<<<<

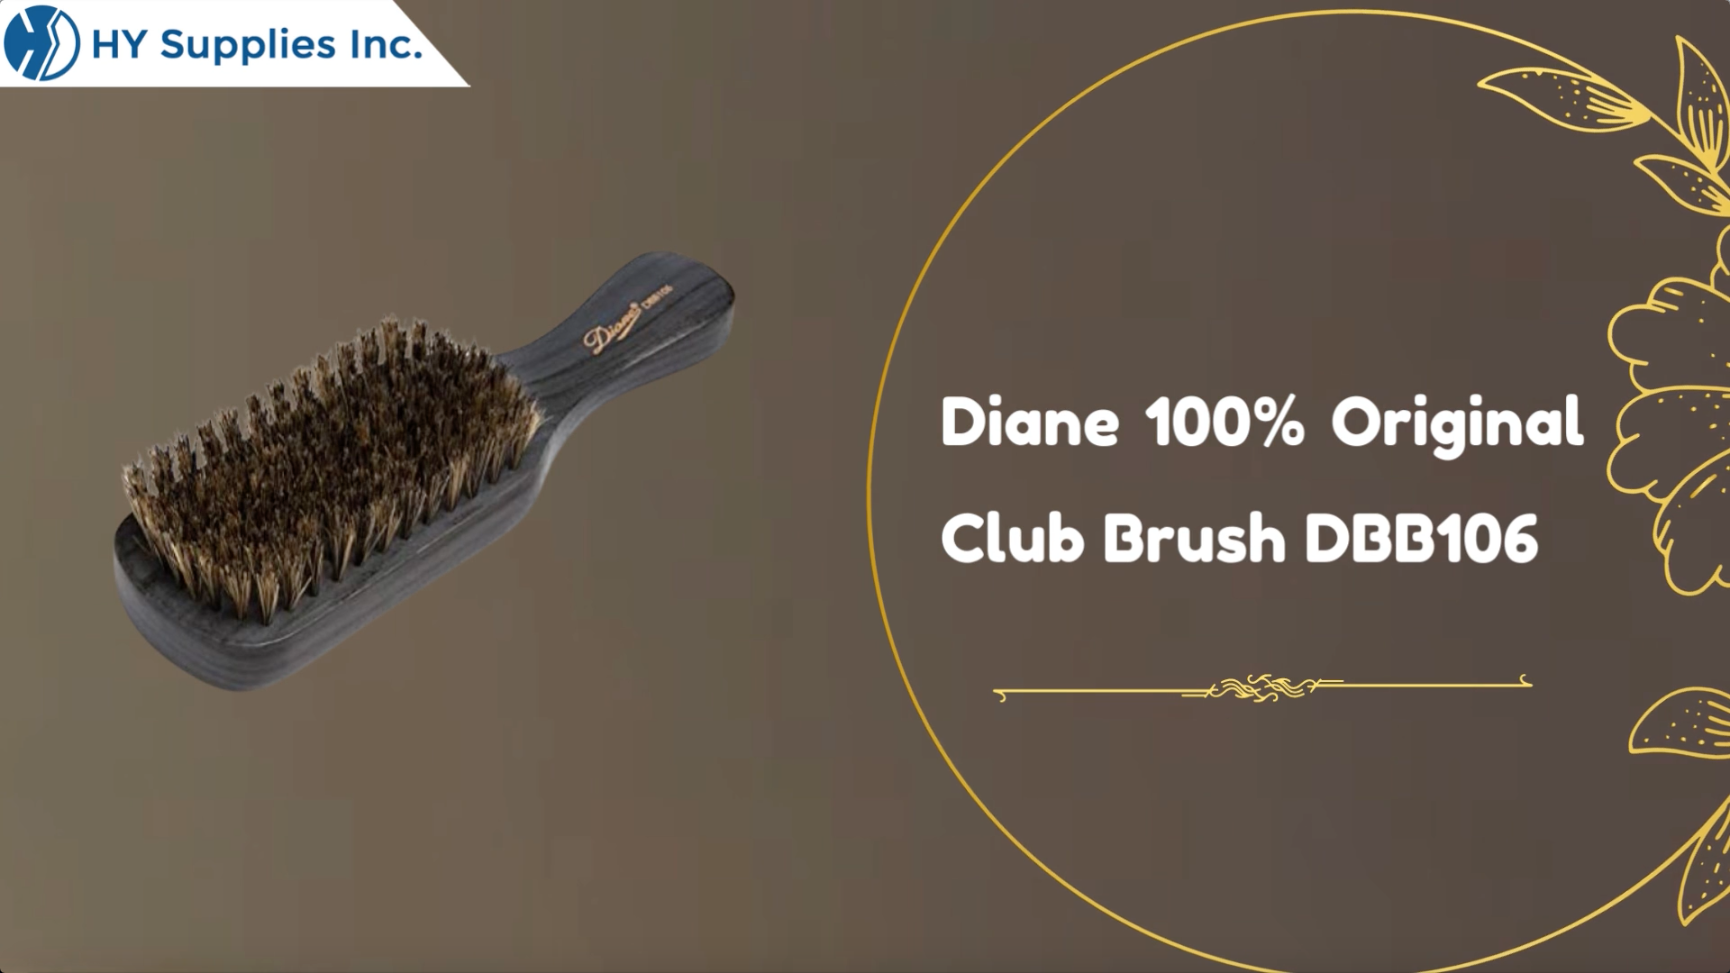 Diane 100% Original Club Brush DBB106
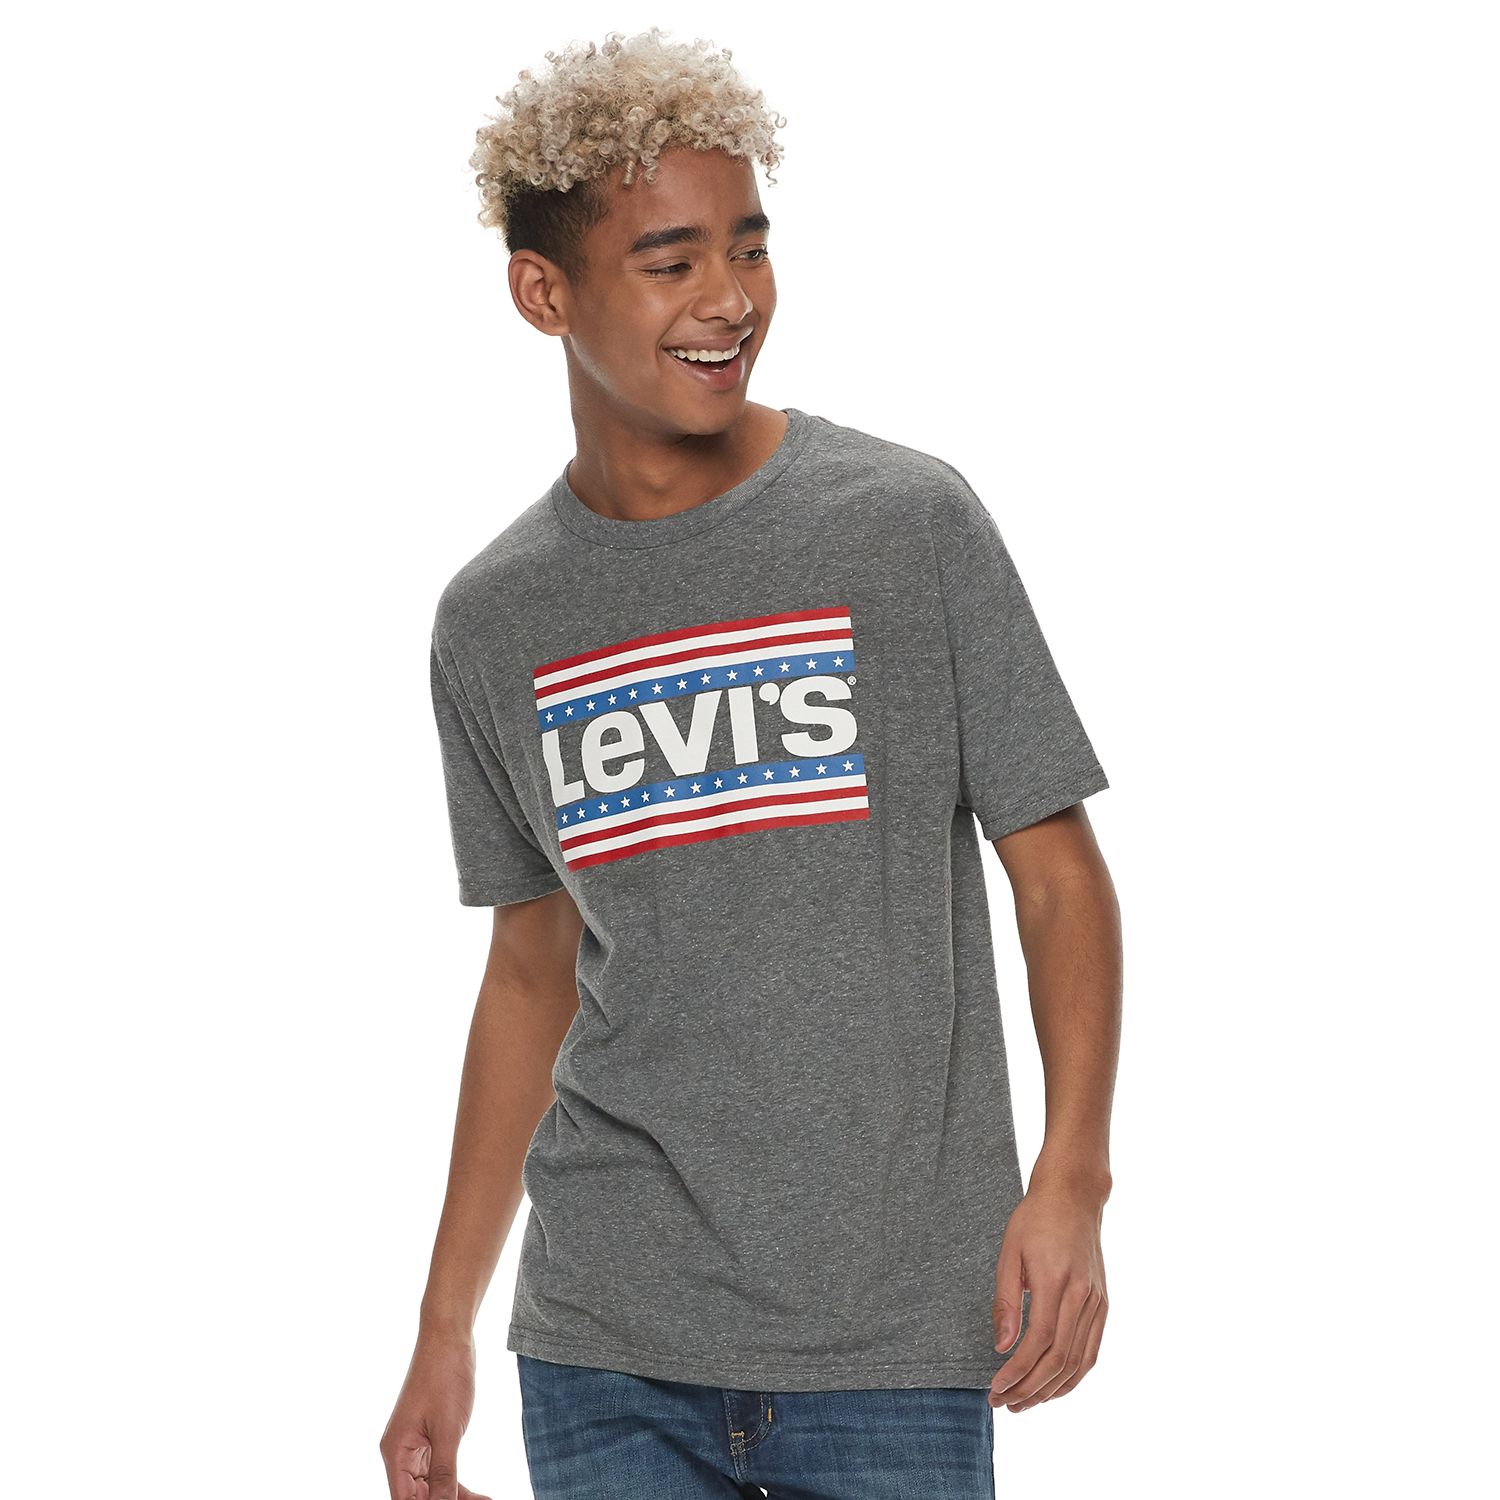 kohl's levi's t shirts
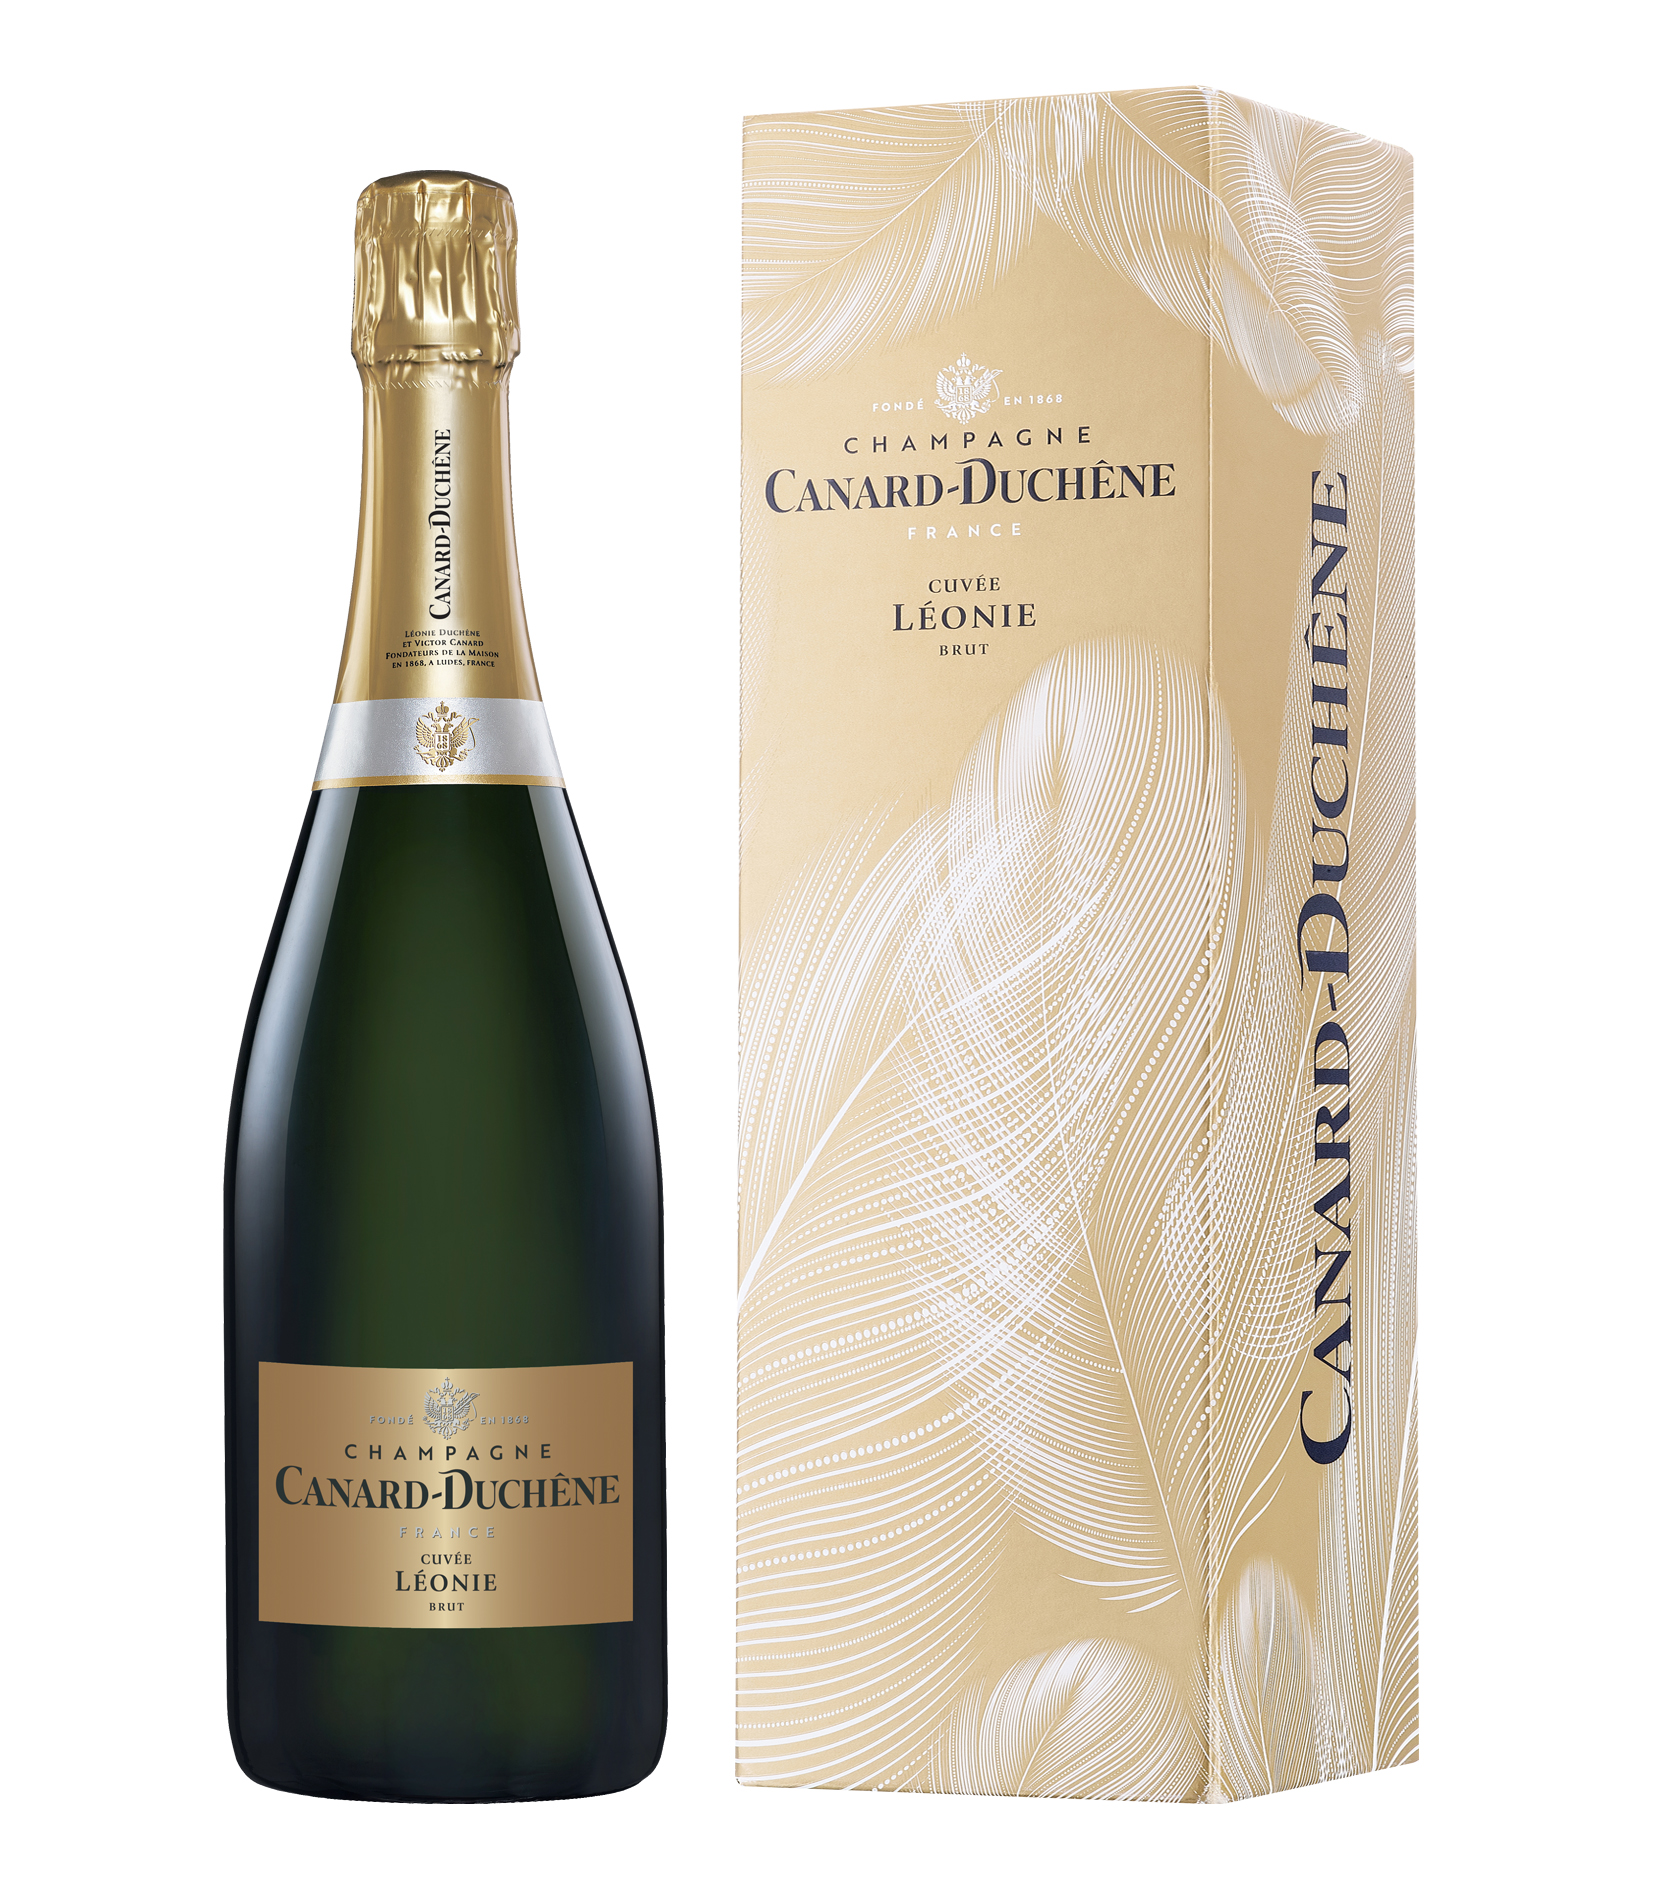 Maison champagne. Шампанское canard-Duchene Cuvee Leonie Brut, 0.375 л. Шампанское canard-Duchene 3л. Canard-Duchene Cuvee Leonie Brut. Шампанское Chanoine freres Brut.

>>>>

TASK REQUIREMENTS.
These lines alone form the answer: the one containing "kohl's levi's t shirts" and every line after it through the end of the material, exactly as written, pictures left out.

WRITTEN SOLUTION.
 kohl's levi's t shirts
 Maison champagne. Шампанское canard-Duchene Cuvee Leonie Brut, 0.375 л. Шампанское canard-Duchene 3л. Canard-Duchene Cuvee Leonie Brut. Шампанское Chanoine freres Brut.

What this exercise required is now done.